Task prompt | Starting at the line below with "مرجع متخصصين ايران اندرويد ۱۰ / Android 10" and stopping at the line with "Evoc Joyride 4L", please print each line exactly, those two included, and skip every picture.

Information supplied |
========================================
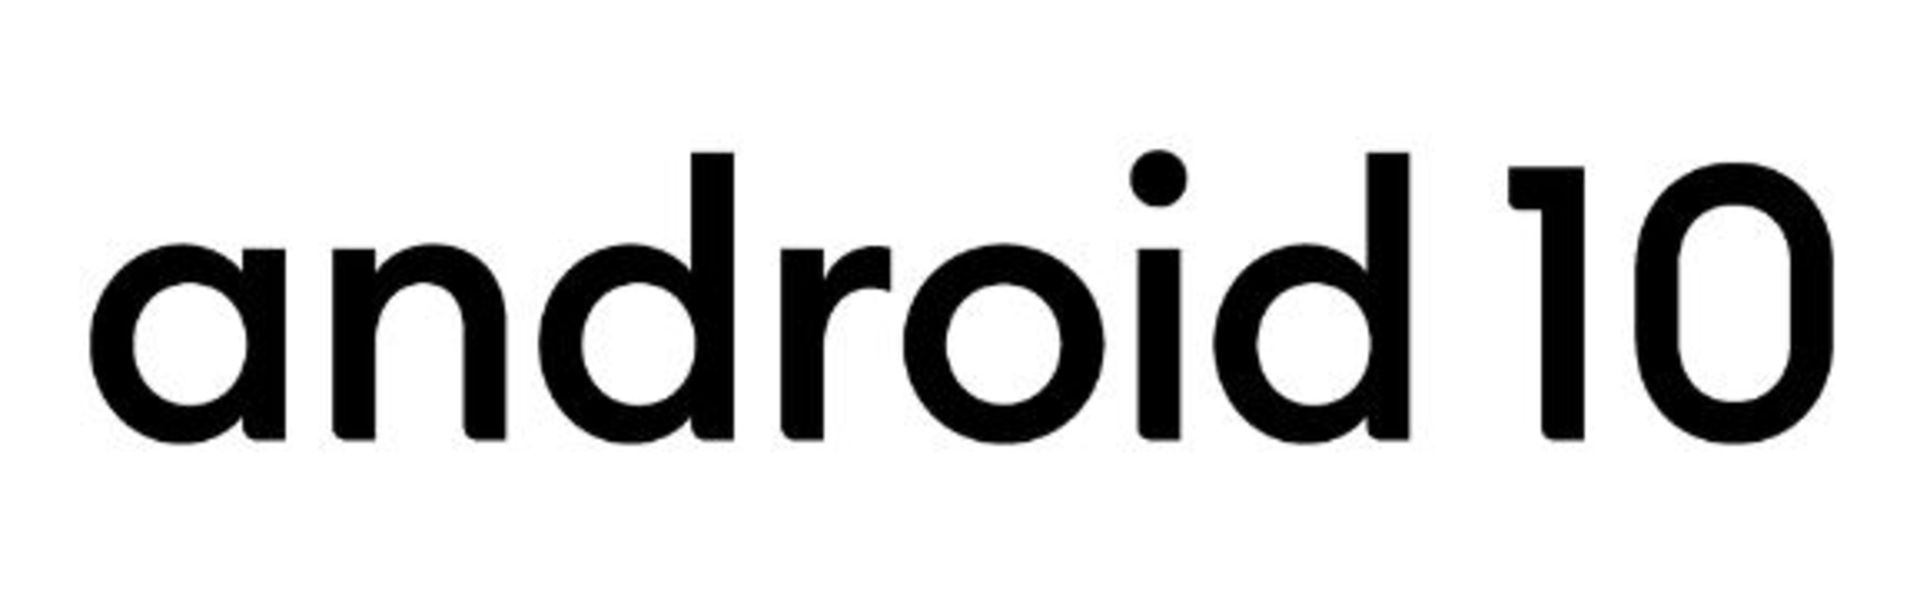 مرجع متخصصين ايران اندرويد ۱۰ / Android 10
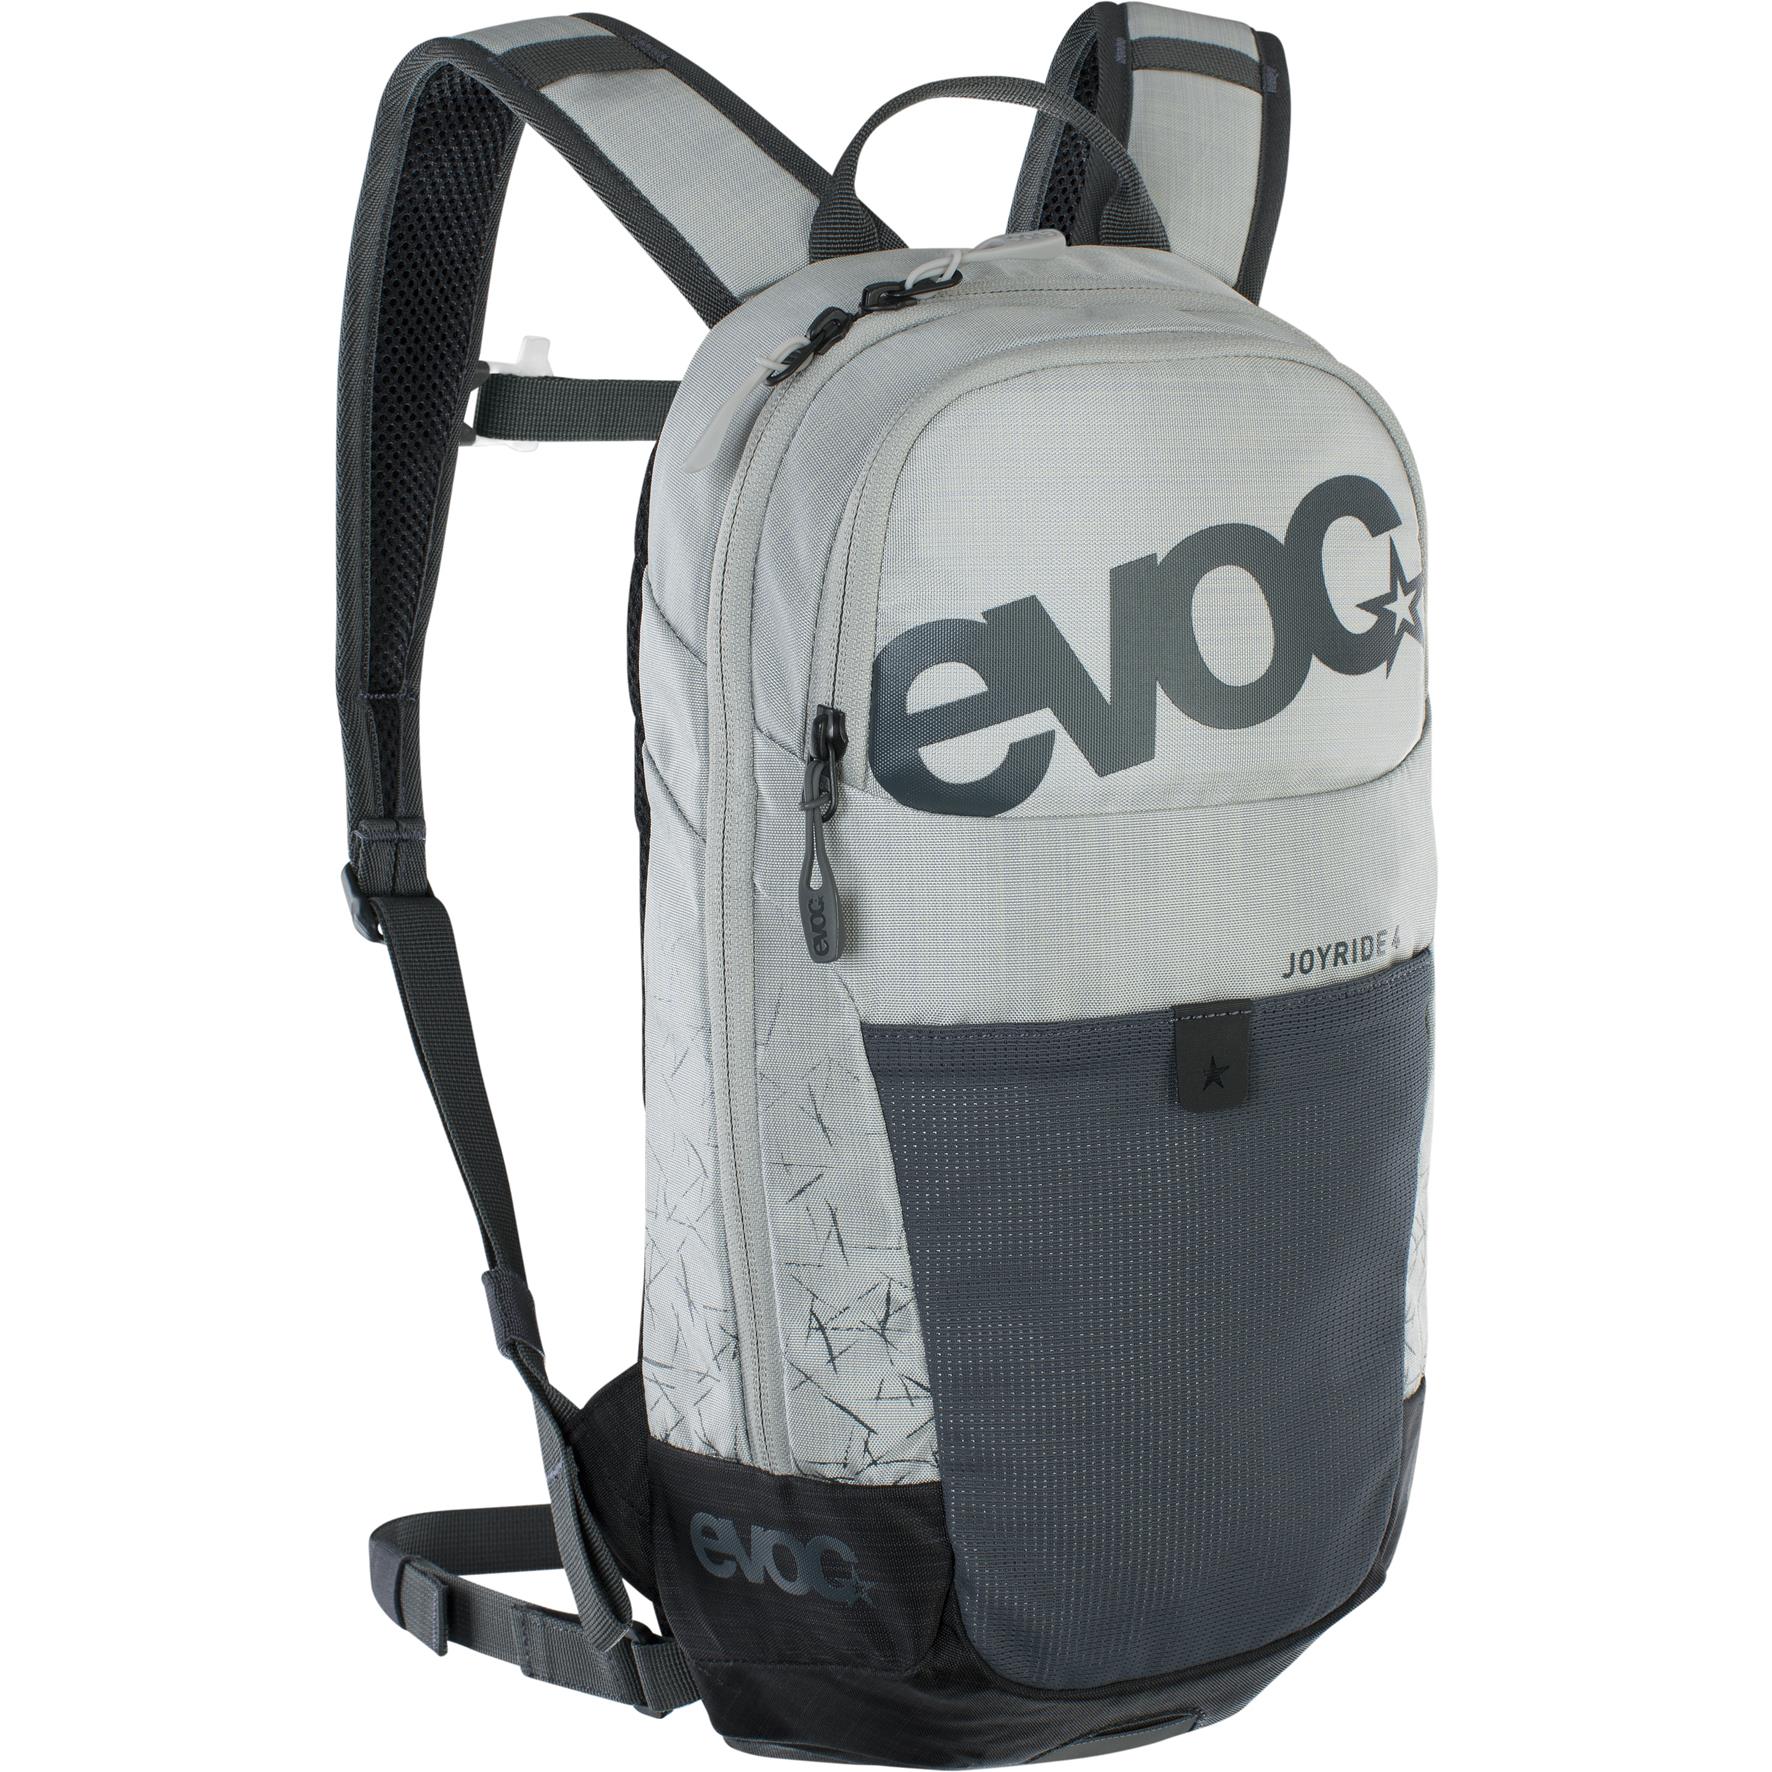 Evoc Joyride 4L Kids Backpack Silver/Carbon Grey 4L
========================================
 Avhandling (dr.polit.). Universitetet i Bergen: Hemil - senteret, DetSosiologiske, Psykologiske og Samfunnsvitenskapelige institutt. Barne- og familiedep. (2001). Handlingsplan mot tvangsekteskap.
========================================
Task answer |
 مرجع متخصصين ايران اندرويد ۱۰ / Android 10
 Evoc Joyride 4L Kids Backpack Silver/Carbon Grey 4L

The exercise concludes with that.